The Leader’s Desire, Design, and Destiny

Desperate Desire

Everybody’s got a hungry heart. – Bruce Springsteen

What is the longing within leaders to reach audacious goals, to “make a dent in the universe,” to leave a legacy? We are designed with this longing, and only freedom will lead us to our destiny.

Plato described the human predicament as a desperate interior yearning that arises from the depths of our humanity for all that is true, good and beautiful. Reflecting on Plato’s perspective, Dominican father and playwright Peter John Cameron wrote,

There is no escape from the burning desire within us for the true, the good, the beautiful. Each of us lives with the inextinguishable expectation that life is supposed to make sense and satisfy us deeply. Even the most jaded atheist feels cheated if he doesn’t experience meaning, purpose, peace – in a word – happiness in this life. But just where does this universal expectation for personal fulfillment come from? It isn’t something we drum up or manufacture on our own. Rather, the burning yearning for “what is real” is incorporated into our design.”1

Burning Yearning

Bruce Springsteen resonates with this “burning yearning”. When he inducted U2 into the Rock and Roll Hall of Fame in 2005, Springsteen said,

A great rock band searches for the same kind of combustible force that fueled the expansion of the universe. They want the earth to shake and spit fire, they want the sky to split apart and for God to pour out.” Springsteen continued, “It’s embarrassing to want so much and expect so much from music, except, sometimes it happens.”2

There it is. This burning desire is an intricate part of our design. It is the basic instinct that we’re made for something more. And that “something more” is beyond us. It eludes us. But whatever “it” is, we want it. This burning is within each leader.

Attraction of Infinity

Seven years ago I started Freedom to Lead International, an organization focused on cultivating leaders to reach their divine destiny. I chose that name because much is at stake in the way leaders practice freedom in light of our longing. “Freedom is the capacity for infinity,” writes Lorenzo Albacete, “I am free each time I walk along the path that moves me into infinity.”3

In other words, true freedom is what enables me to reach my infinite destiny. However, as Albecete observes, “If I choose to act in a particular way that separates me from my infinite destiny, I lose something of my freedom and move closer to the abyss of not being free.” This is what often happens when leaders don’t know where to direct the fire that is inside. They settle for shortcuts. They abuse people in pursuit of success or good reputation. They compromise principle for profit. To satisfy this desperate desire, they end up burning others or getting burned.

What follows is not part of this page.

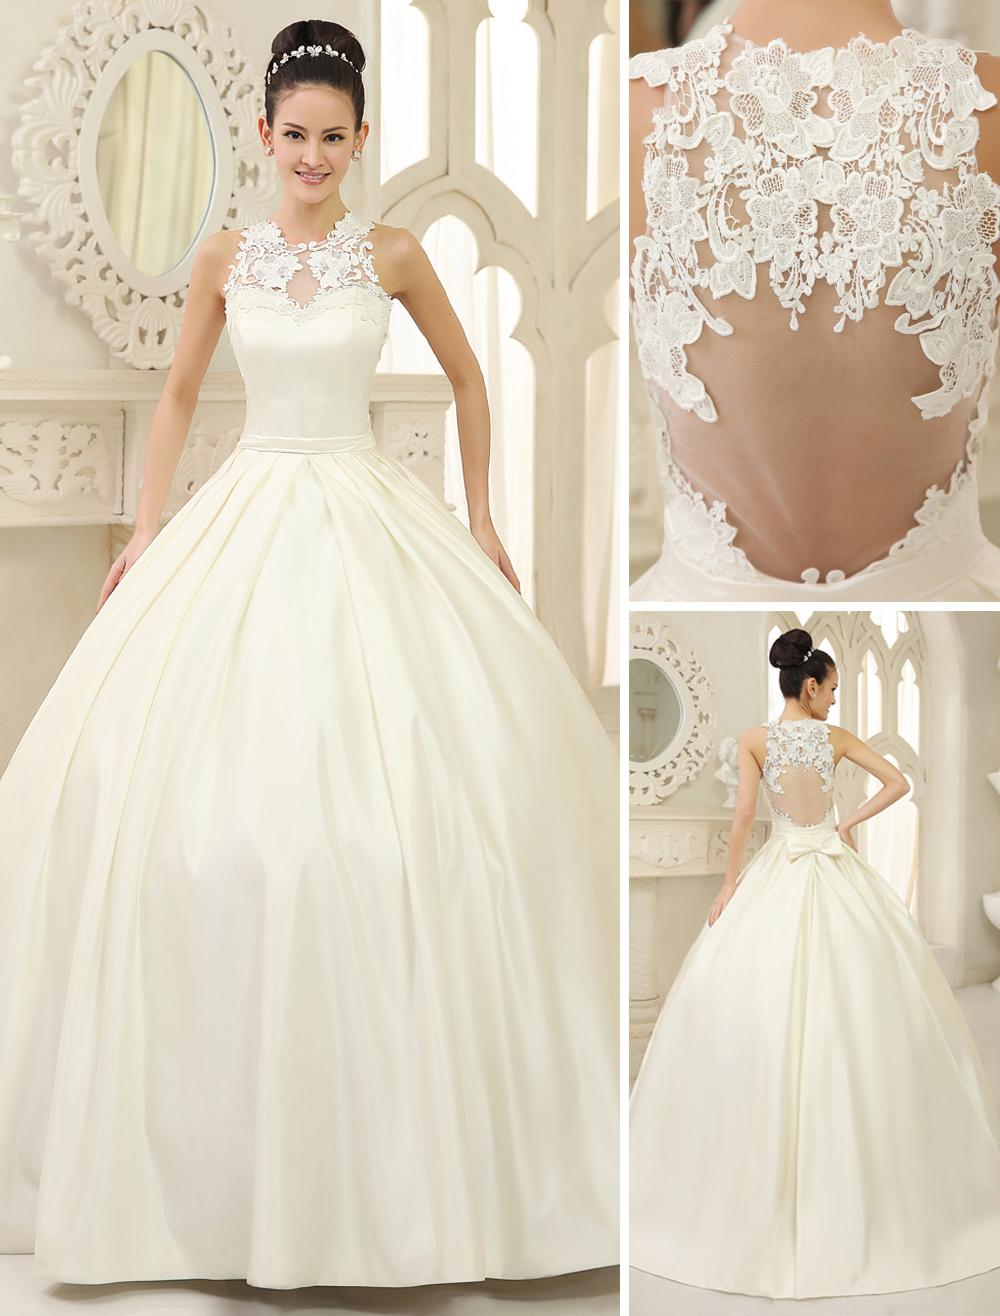 Vestidos de novia de satin
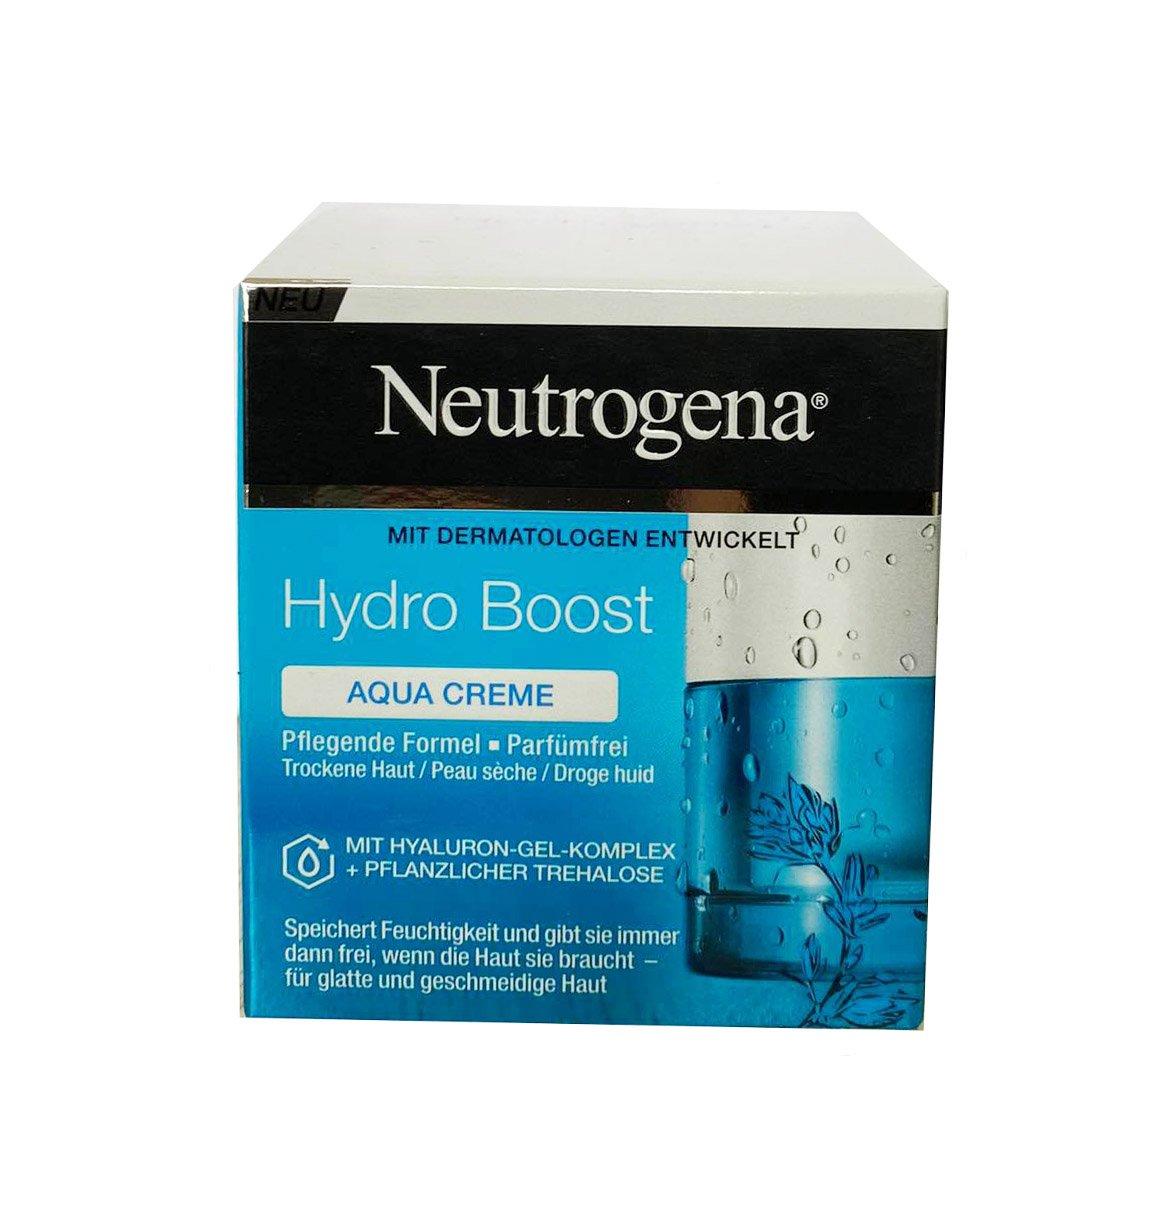 Neutrogena hydro boost aqua Cream cho da khô (bản Đức)

Leaders can be rescued from the abyss, observed Albacete, “only when the attraction of infinity wins over whatever is attracting me away from it. This is the redemption of my freedom.”

True freedom satisfies our ultimate longing, and guides us into our highest potential. This is the real freedom to lead.

 

1 Magnificat, December 2001.

2 http://rockhall.com/inductees/u2/transcript/bruce-springsteen-on-u2/

3 Lorenzo Albacete, God at the Ritz: Attraction to Infinity.